Изменить стиль страницы

Лига вынимала из торбы покупки: белый хлеб, подовый хлеб, охотничьи колбаски (их они купили в придорожном ресторане «Сените»), ветчину, сало, помидоры и огурцы.

Таливалдис был внимательным, заботливым сыном, еще прошлым летом каждую пятницу привозил в «Ванаги» продукты. Карлине и отец жили как у Христа за пазухой.

Старый Широн с удовольствием смотрит на сына. Великолепно сложенный парень (как-никак спортсмен), умеет держаться, остроумный. Выглядит много моложе Пича, хотя старше его на четыре года. Возможно, потому, что Пич носит бороду. Талис тоже отрастил довольно симпатичную щетинку на подбородке, когда пришла мода на бороды. Но как скоро сей волосяной покров стал превращаться в символ упрямства и глубокомыслия, Таливалдис немедленно свою бородку ликвидировал. Ни у одной души в институте не должно возникнуть ни малейшего сомнения относительно его лояльности к Ноллендорфу, который терпеть не мог бородачей. Талис знал из истории, что Каспара Биезбардиса[38], то есть Пышнобородого, преследовали до тех пор, пока начальник рижской жандармерии не убедился, что у бородатого Каспара никакой бороды нет.

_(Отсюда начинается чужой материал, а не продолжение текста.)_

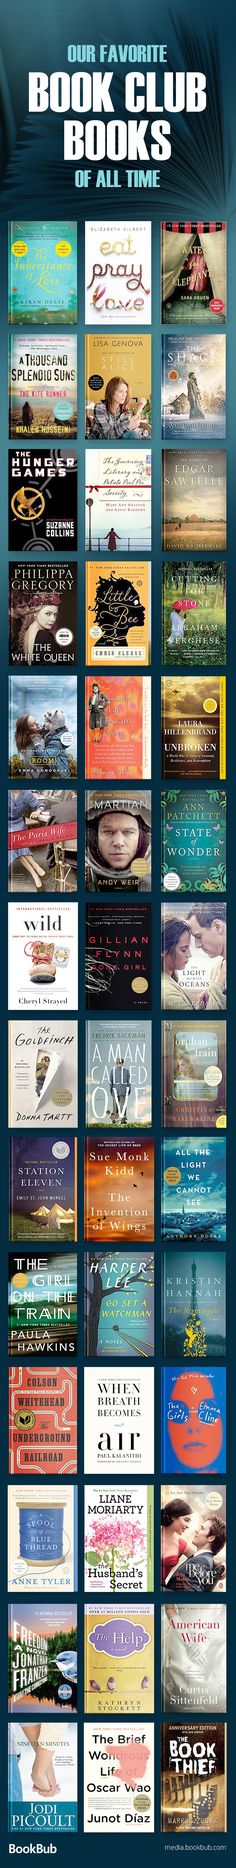 973 Best Books Books Books Images On Pinterest In 2018 Baby Books
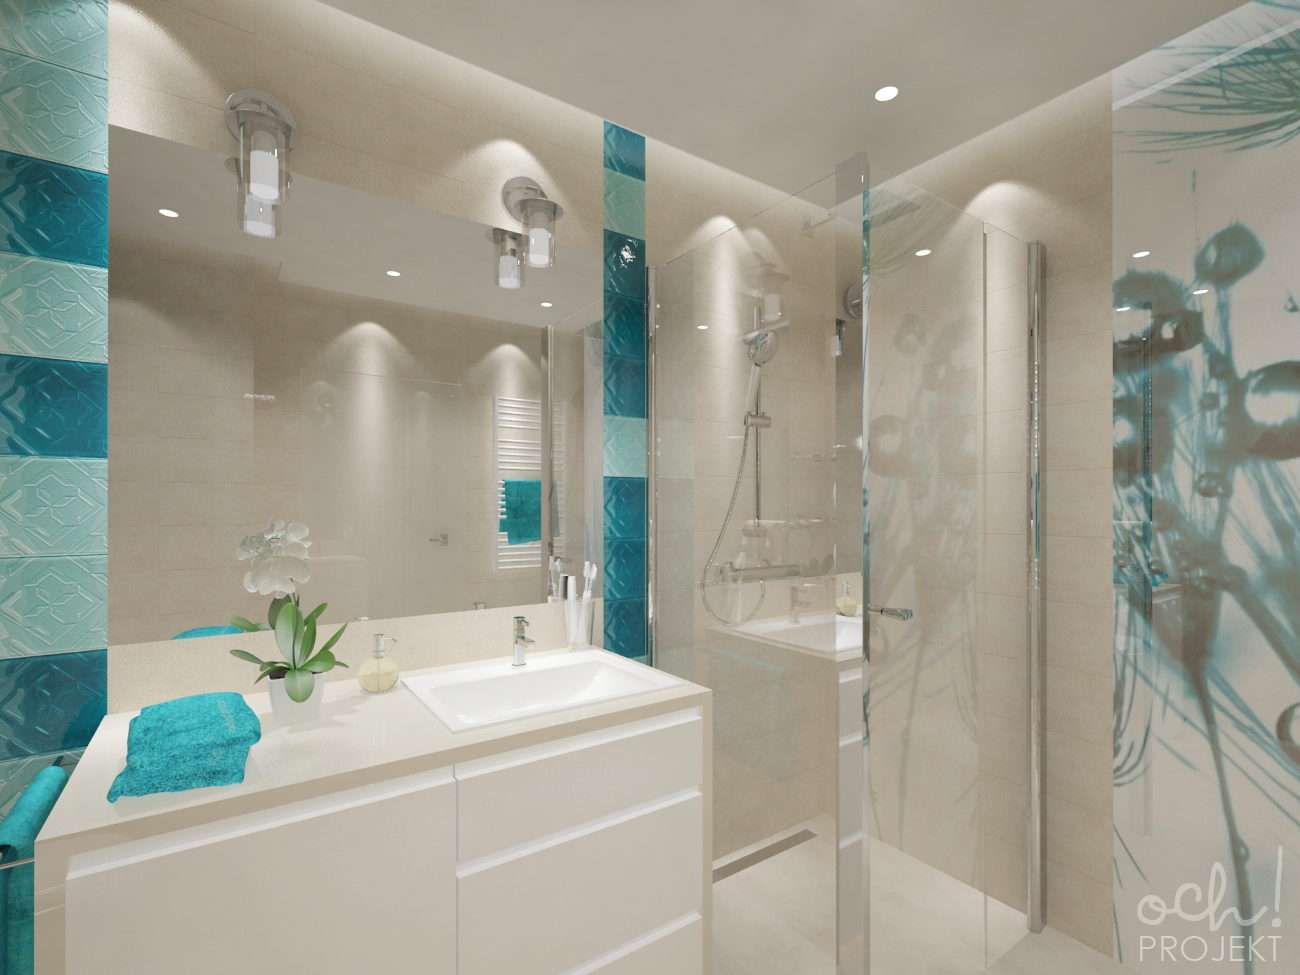 Ochprojekt Projekt Turkusowej Sypialni I łazienki

«В наши времена, когда иной старец вдруг начинает щеголять рыжей метелкой, преимущества и минусы бород следует хорошенько взвесить», — шутил тогда Талис.

Профессор вздыхает, вспомнив о Пиче. Где он теперь шатается, с какими бродягами якшается? «Юн годами, в сердце старость», — как поется в песне Эмиля Дарзиня[39] (тот, между прочим, тоже был не паинька, помню его по Петербургу). Профессор в консерватории обратил внимание, что все юноши, которые увлекаются звукозаписями и электронными инструментами, рано лысеют. И те бородачи, которые приходили к Пичу в гости в Межапарке, в большинстве все были с лысинами.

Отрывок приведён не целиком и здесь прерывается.